How to correctly do data preparation for this algorithm?
Hello, I'm trying to train Who needs words?: Lexicon Free Speech Recognition in my own dataset (from a complex language domain). While I followed the steps in wav2letter's "Data Preparation" section, it's still unclear how to use my .lexicon, token.txt and .lst files generated with this architecture. In the script prepare.py, the librispeech data is used and pre-processed, should I transform my data in this format and replace paths in the .py? Should I Train what kind of language model (char or word-based/with or without lexicon)? This may be just misinterpretation of my reading of the library, but any guidance would be helpful, Thank you!
Hi @JpMCarrilho
Sorry for the delay. Let me explain what you need to have and how to prepare, probably it will be simpler just create new prepare.py for your data.
This file should contain tokens, so that model will return you probability for each frame across tokens. Tokens files thus just defines classes for the frame classification problem. In case of English we use a-z letters, apostrophe, and "|" - as words delimiter.
It should contain mapping of all your train/dev words into your tokens sequence, like "hello h e l l o |" - so format is word then tokens sequence separated by space and at the end we use "|" to set the word boundaries.
So you need just to collect set of all words from train transcriptions and then do mapping to your letters sequence.
Lexicon is used to map target transcription (which is standard words sequence) to the tokens sequence.
List file is the format of input data for the model, the format is
id file_path file_duration_in_ms target_transcription
Target transcription is just word transcription.
Hope, this explains what and why you need to have. You could adapt prepare.py from lexicon-free recipe, but it depends on your language what you need to modify.
hi,
this may be a stupid question but,
If I have a dataset from which I define a set of representative tokens as in [a-z'|], doesn't this mean that words in my dataset is eventually a list of these tokens i.e. hello: h e l l o | ?
So why to construct the lexicon manually beforehands? Do i miss something?
Sorry, I don't understand what do you mean. Do you mean that we don't need to prepare lexicon because it is just a sequence of letters?
Yes. Is that just a convenience file/mapping or does it involve a more sophisticated linguistic step that I miss?
Tokens set you need to provide as for LM training for example, you need to specify the index class for each token. Then you could skip lexicon if you are sure that there no other tokens in your transcriptions (otherwise you will have crash). We have falling back to letters if word is not presented in the lexicon, and all these letters should be in the tokens set. No any sophisticated linguistic step, but here with lexicon file you could do special mapping of abbreviations, like "tv t | v |".
thank you!
Most helpful comment
Hi @JpMCarrilho
Sorry for the delay. Let me explain what you need to have and how to prepare, probably it will be simpler just create new prepare.py for your data.
Tokens.txt
This file should contain tokens, so that model will return you probability for each frame across tokens. Tokens files thus just defines classes for the frame classification problem. In case of English we use a-z letters, apostrophe, and "|" - as words delimiter.
Lexicon file
It should contain mapping of all your train/dev words into your tokens sequence, like "hello h e l l o |" - so format is word then tokens sequence separated by space and at the end we use "|" to set the word boundaries.

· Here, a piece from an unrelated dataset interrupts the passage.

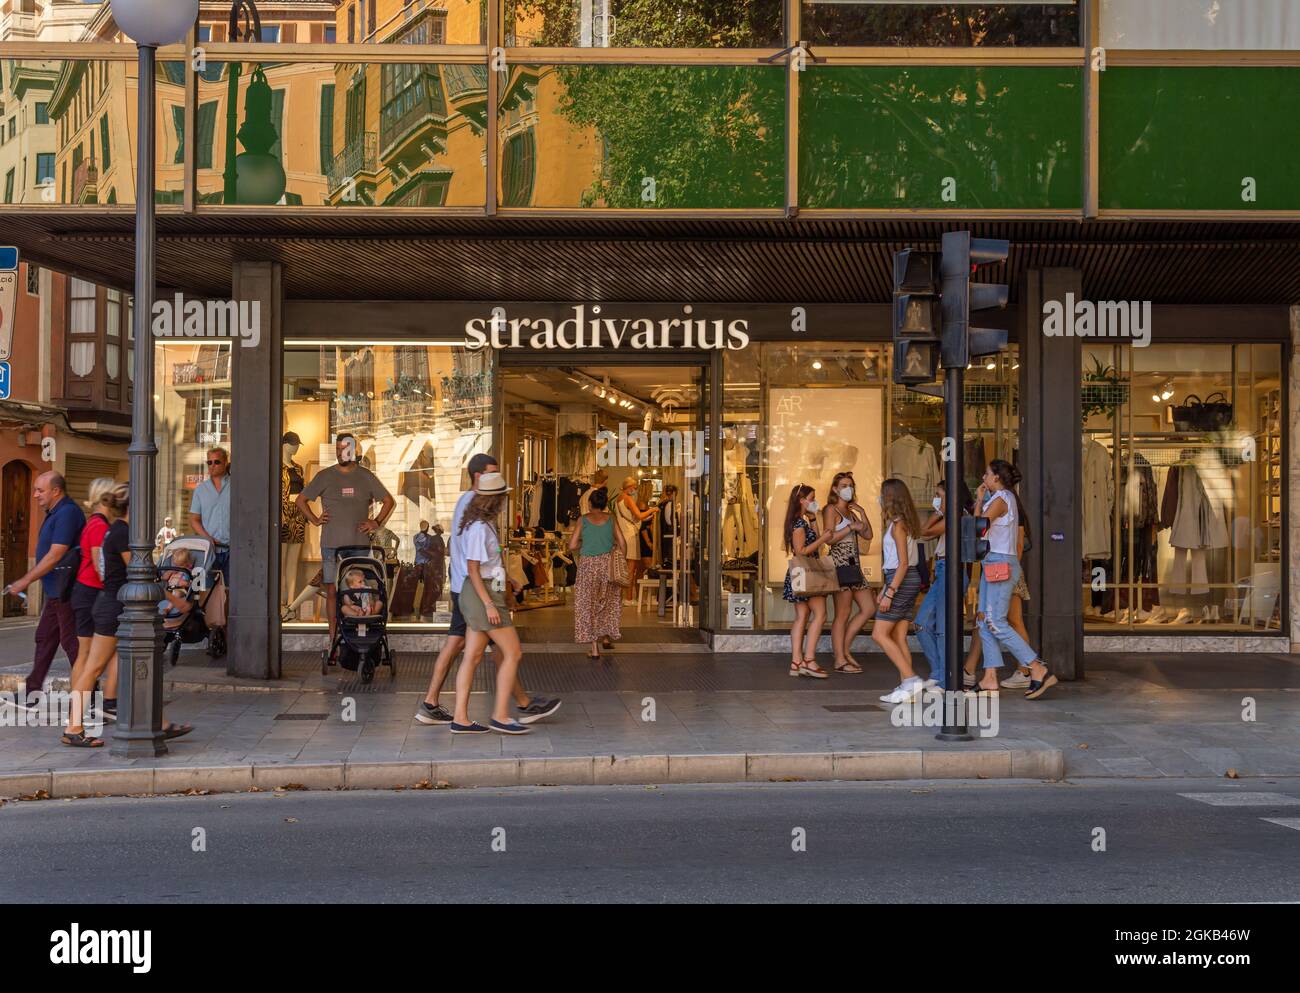 Palma de Mallorca, Spain; september 10 2021: Main facade of an establishment of the international fashion and accesories retail chain Stradivarius, in Stock Photo

So you need just to collect set of all words from train transcriptions and then do mapping to your letters sequence.
Lexicon is used to map target transcription (which is standard words sequence) to the tokens sequence.
List file
List file is the format of input data for the model, the format is
Target transcription is just word transcription.
Hope, this explains what and why you need to have. You could adapt prepare.py from lexicon-free recipe, but it depends on your language what you need to modify.